By Dr. Mike Walden
With the holiday season upon us, it is appropriate that pie is on my mind. Incidentally, my favorite is lemon meringue. But today’s column is about a different kind of pie – the economic pie.
Economic pie is a term often used to describe the size of the economy. Over time, economists and others track how the economic pie is growing. The slices of the pie then refer to how individuals share in the aggregate economy and its changing size. Is everyone’s slice increasing, or do some people get bigger slices while others are stuck with smaller slices. The formal term for the slices is “income distribution”.
These two concepts – economic growth and income distribution – are at the heart of many of our policy debates about topics such as taxes, regulations, government spending and financial support for households and businesses. Often in these discussions some groups will put more importance on economic growth, while others will consider income distribution to be the dominant concern.

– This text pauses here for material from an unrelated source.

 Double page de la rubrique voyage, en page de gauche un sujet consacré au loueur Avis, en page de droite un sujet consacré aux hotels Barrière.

But before we can examine and debate economic growth and income distribution, we have to have good measures of them. Recently I took on the task of developing such measures for North Carolina.
I developed an index of economic growth in the state based on three individual measures: the growth rate in the value of total production of goods and services (“GDP” for technical readers), the growth rate in income per person and the growth rate in jobs. The first two measures are adjusted for inflation so they are calibrated in dollars of equal purchasing power over time.

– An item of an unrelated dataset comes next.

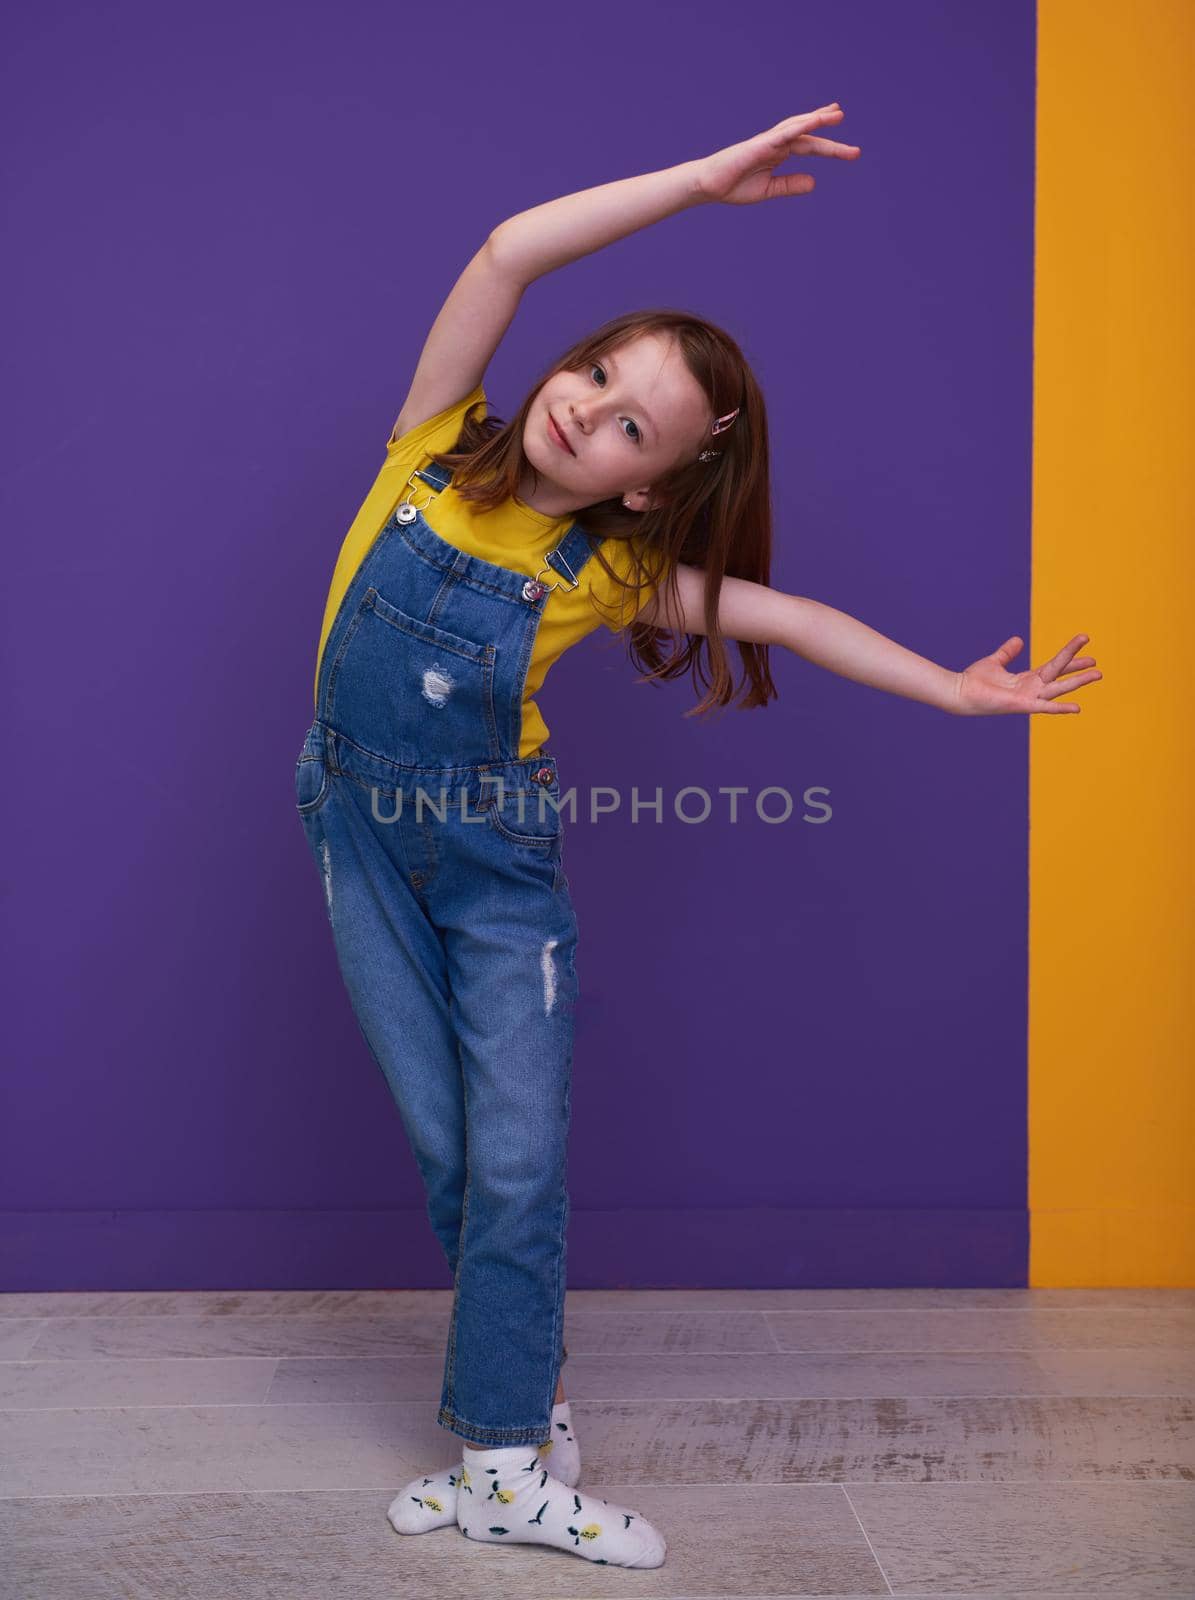 Cute little girl dancing ballet at home

Generating an index of income distribution was more complex. First, I divided the industries where people work into three groups: high-paying, middle-paying and low-paying. Fortunately, there was consistency in the groupings over time. From these groups I created an index based on several measures comparing the average earnings in each group and also the number of workers in each group. Increases in the earnings of low-paying and middle-paying workers relative to high-paying workers, as well as increases in the numbers of high-paying and middle-paying workers relative to low-paying workers, were considered to indicate a broadening of the income distribution.

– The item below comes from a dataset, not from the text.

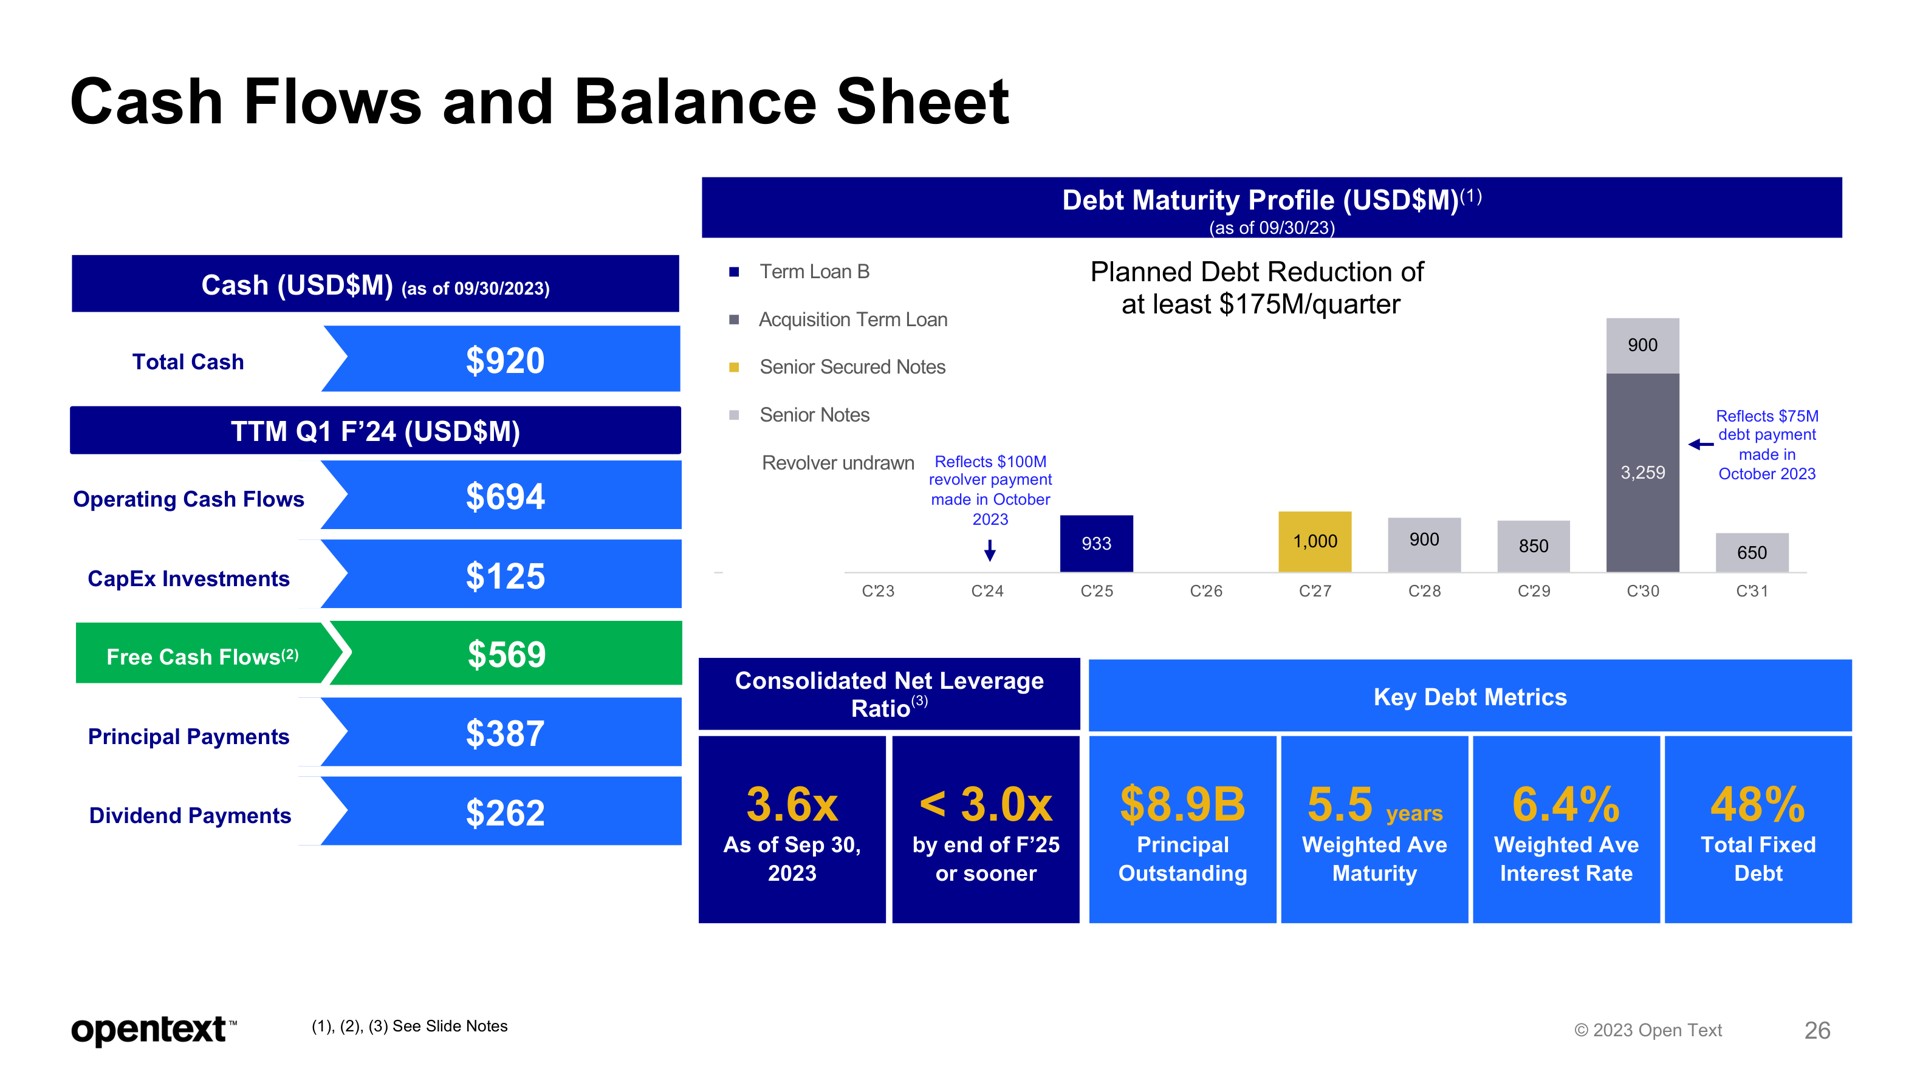 cash flows and balance sheet | OpenText

I call the economic growth index for North Carolina, NC-GROWTH, and I dub the state income distribution measure, NC-SHARE. I was able to generate both indices annually from 1997 to 2020.
What do the indices tell us about the growth of North Carolina’s economic pie and the distribution of that pie to high-paying, middle-paying and low-paying workers?
The good news is that NC-GROWTH was positive for 16 of the 24 years from 1997 to 2020. NC-GROWTH was negative in years close to or during an official recession, such as in the early and late 2000s as well as during 2020, the year of the COVID-19 recession.
The findings for NC-SHARE are more complicated. The index fell on trend from 1997 to 2016, due mainly to a shift out of middle-paying jobs to low-paying jobs. However, since 2016 and including 2020, these trends reversed and NC-SHARE rose. There also was a modest increase in the relative earnings of low-paying compared to high-paying jobs in recent years.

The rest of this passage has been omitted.